The farm was complete with a chicken house, a hog barn, a dairy barn, acres and acres of corn, a small feed mill and an actual old farmhouse, that doubled as our offices. It also contained a Nike Missile Base, which I guess came in handy for repelling any Ruskie attacks on our corn silos. Seriously though, from what I've read, there were thousands of these Nike Missile sites sitting at odd locations all over the United States. After the land had been sold and houses built, I wondered if some lucky homeowner had a missile silo in his backyard, which would be awesome when you were hosting barbecues.
My grandfather owned a farm in Red Top, Missouri, but I never really got into the animals there because I was afraid of them, so it really wasn't second nature for me to be working with animals at the research center, but it was always interesting.
Interesting because I found out things about animals that I never knew.

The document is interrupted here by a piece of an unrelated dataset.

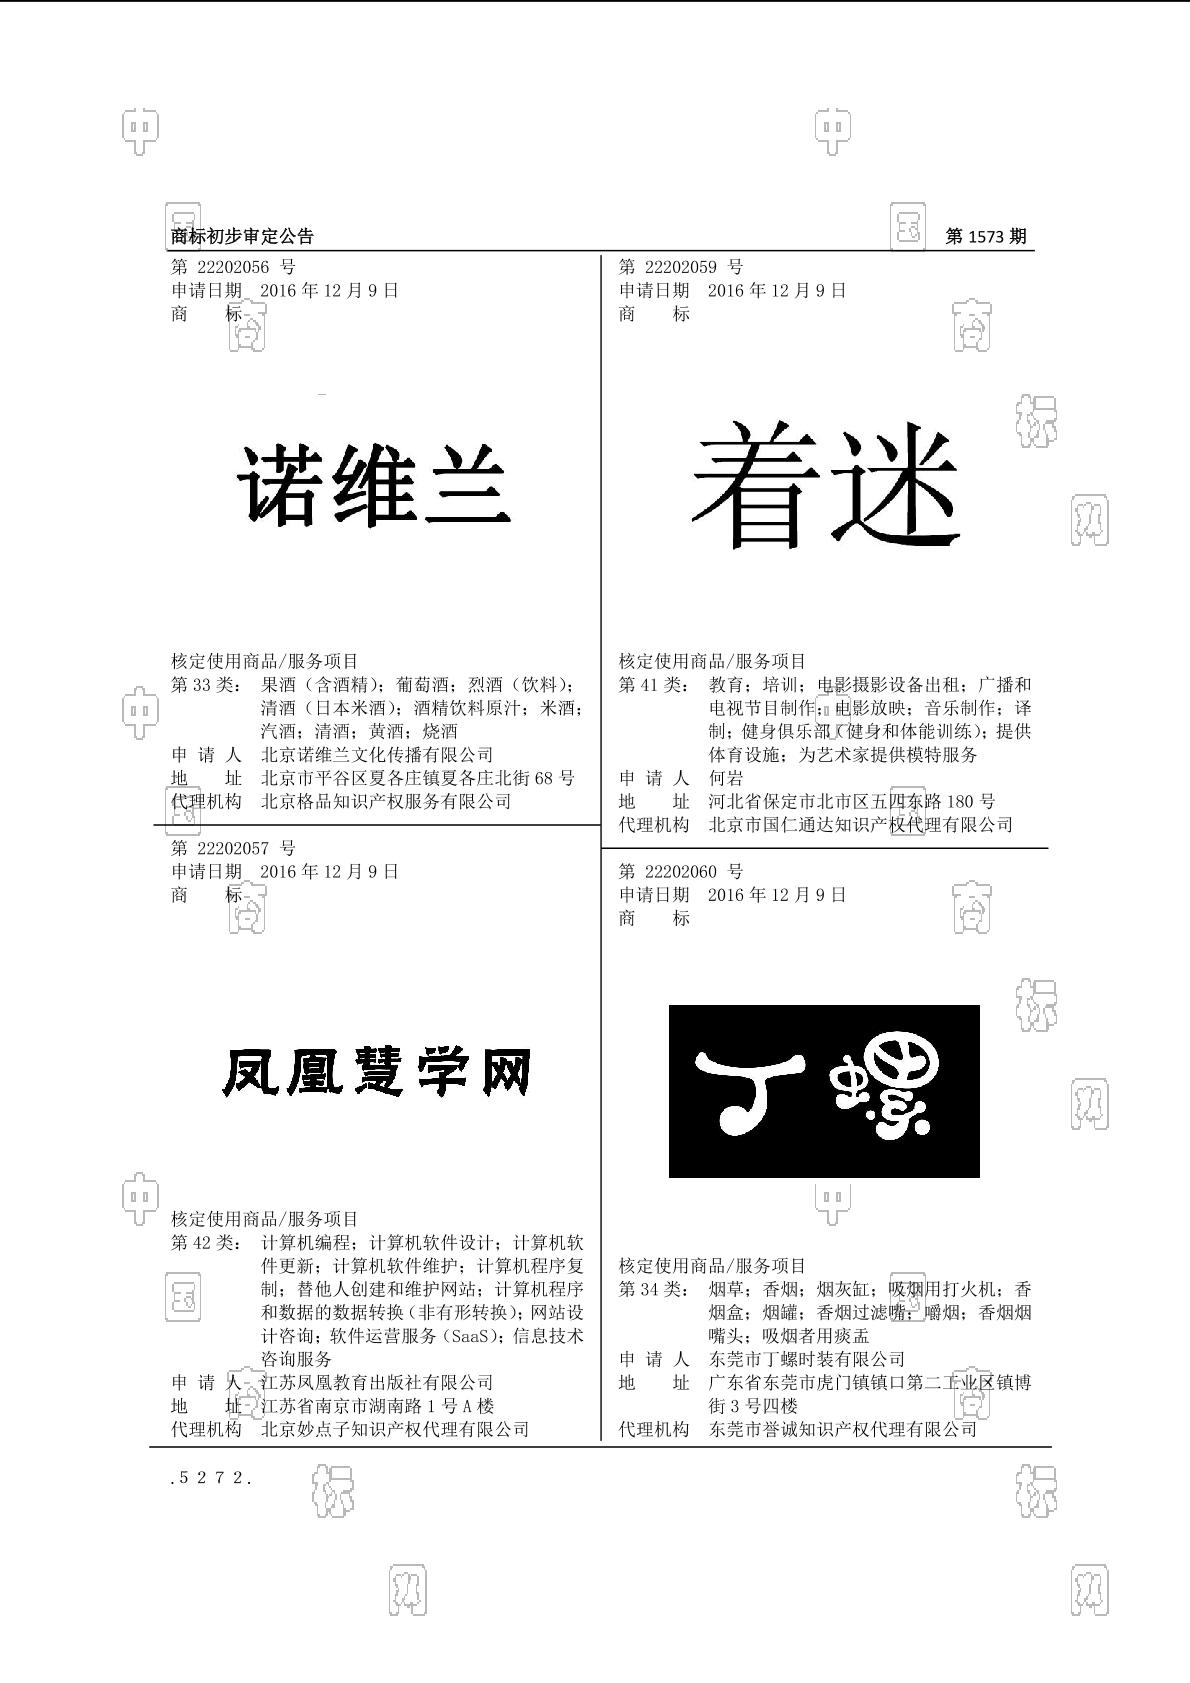 【社标网】着迷商标状态注册号信息 何岩商标信息-商标查询

For instance, I learned that the stench from tons of chicken shit in a closed building will cause you to vomit without fail; that male cats in confined colonies will spend their leisure hours trying to spray you with their vile piss as you pass by; that a dead dairy cow cannot be pulled onto an auto wrecker with a chain tied around its' neck without its' head coming off; and that an irritated sow pig will eat her young in front of your eyes, which will result in your not eating any form of pork for two years afterwards.
One of the most fascinating animals was our fistulated dairy cow. "Fistulated", is of course Latin for "porthole". Yes, one lucky dairy cow was selected to have an opening created in its side, which was then fitted with a porthole device so a person could stick his arm in and grab a handful of half digested hay and test it for stuff. I was told that the cow was not bothered by the hole in it's rib cage, but I did suspect that it was socially snubbed by the other cows because of its deformity.
This reminds me of a story which I have been dying to tell for years. When I was in the hospital recovering from my cancer operation, I was befriended by another gentleman who had been fitted with a colostomy bag as a result of his particular operation. I couldn't eat and was being fed some vile looking glop through a stomach tube, but he was able to eat normally. When he found out that I couldn't eat, he lorded it over me about what good food they had in the hospital. During my endless walks around the hospital corridors, he would seek me out to tell me about the great breakfast, lunch, or dinner he had eaten. Since he was a gross motherfucker, he always wore his colostomy bag on the outside of his robe, so when he would catch up to me and brag about a particularly good meal, I always said "I know, I can see it". This tickled him to no end. I hated that guy.
Anyway, back to the farm. We had nicknamed one of the hog researchers "Dr. Doom" because he always had a story about how the company was going to be sold and we were all going to be laid off. One day he turned out to be right. But he was famous in hog researcher circles because of one particular skill. He could extract sperm from a boar hog with superhuman speed. In other words, he could jack off a boar faster than anyone else in the industry. Regretfully, I never saw him in action, but I'm willing to bet it would have been a wondrous spectacle.
As I mentioned above, commercial pressures finally caused our company to sell it's land to developers for a measly one million dollars per acre. Today it is a hodgepodge of hotels, restaurants, movie theatres and homes. In fact Jan and I had lunch at a Mexican restaurant there recently and while we were talking Jan asked me "is this where the hog barn used to set?"
All of a sudden, my pork fajita didn't look so good.